- SUPPLIED RECORDS -
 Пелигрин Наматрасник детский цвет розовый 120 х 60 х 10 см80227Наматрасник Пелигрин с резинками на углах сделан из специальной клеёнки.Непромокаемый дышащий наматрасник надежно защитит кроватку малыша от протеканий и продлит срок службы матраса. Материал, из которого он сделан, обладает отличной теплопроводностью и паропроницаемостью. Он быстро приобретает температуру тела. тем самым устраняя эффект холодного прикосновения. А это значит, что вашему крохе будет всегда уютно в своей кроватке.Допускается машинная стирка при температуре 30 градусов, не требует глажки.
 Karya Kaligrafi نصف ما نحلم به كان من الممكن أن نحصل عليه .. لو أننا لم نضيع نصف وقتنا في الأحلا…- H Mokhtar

---

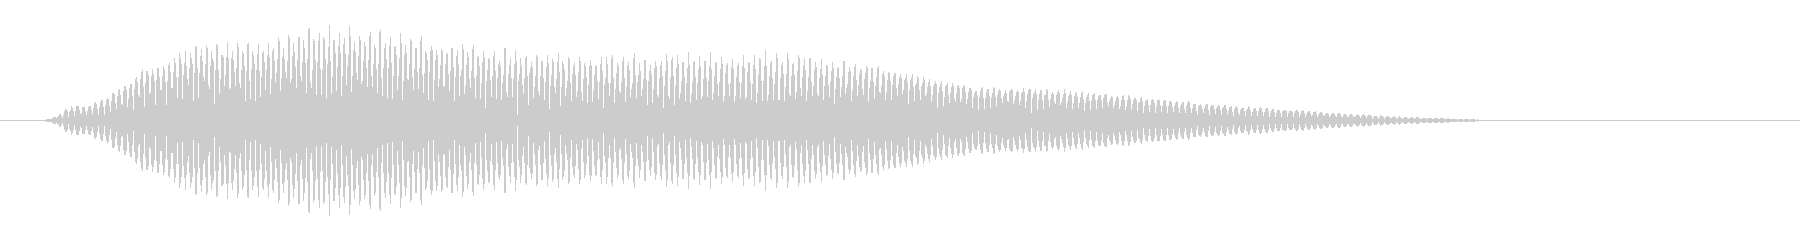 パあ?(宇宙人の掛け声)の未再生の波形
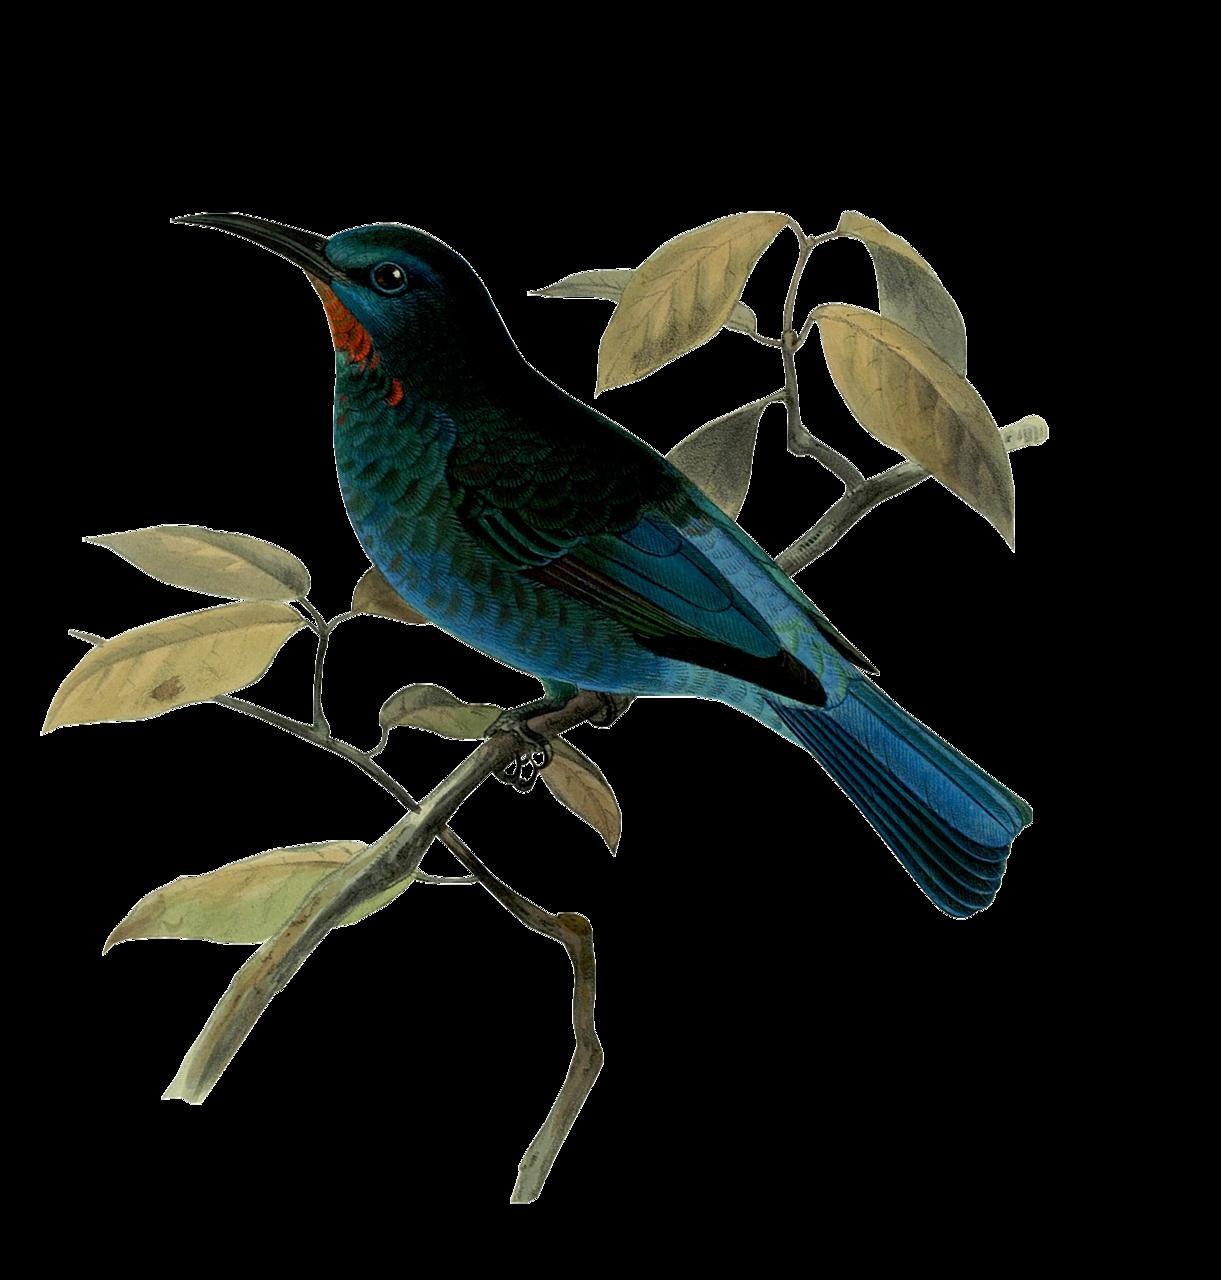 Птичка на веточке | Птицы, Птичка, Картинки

- WHAT YOU WILL DO -
Return, with no change at all, every line in the entries above from the line containing "Пелигрин Наматрасник детский" through the line containing "Karya Kaligrafi نصف".

- SOLUTION TO THE PROBLEM -
 Пелигрин Наматрасник детский цвет розовый 120 х 60 х 10 см80227Наматрасник Пелигрин с резинками на углах сделан из специальной клеёнки.Непромокаемый дышащий наматрасник надежно защитит кроватку малыша от протеканий и продлит срок службы матраса. Материал, из которого он сделан, обладает отличной теплопроводностью и паропроницаемостью. Он быстро приобретает температуру тела. тем самым устраняя эффект холодного прикосновения. А это значит, что вашему крохе будет всегда уютно в своей кроватке.Допускается машинная стирка при температуре 30 градусов, не требует глажки.
 Karya Kaligrafi نصف ما نحلم به كان من الممكن أن نحصل عليه .. لو أننا لم نضيع نصف وقتنا في الأحلا…- H Mokhtar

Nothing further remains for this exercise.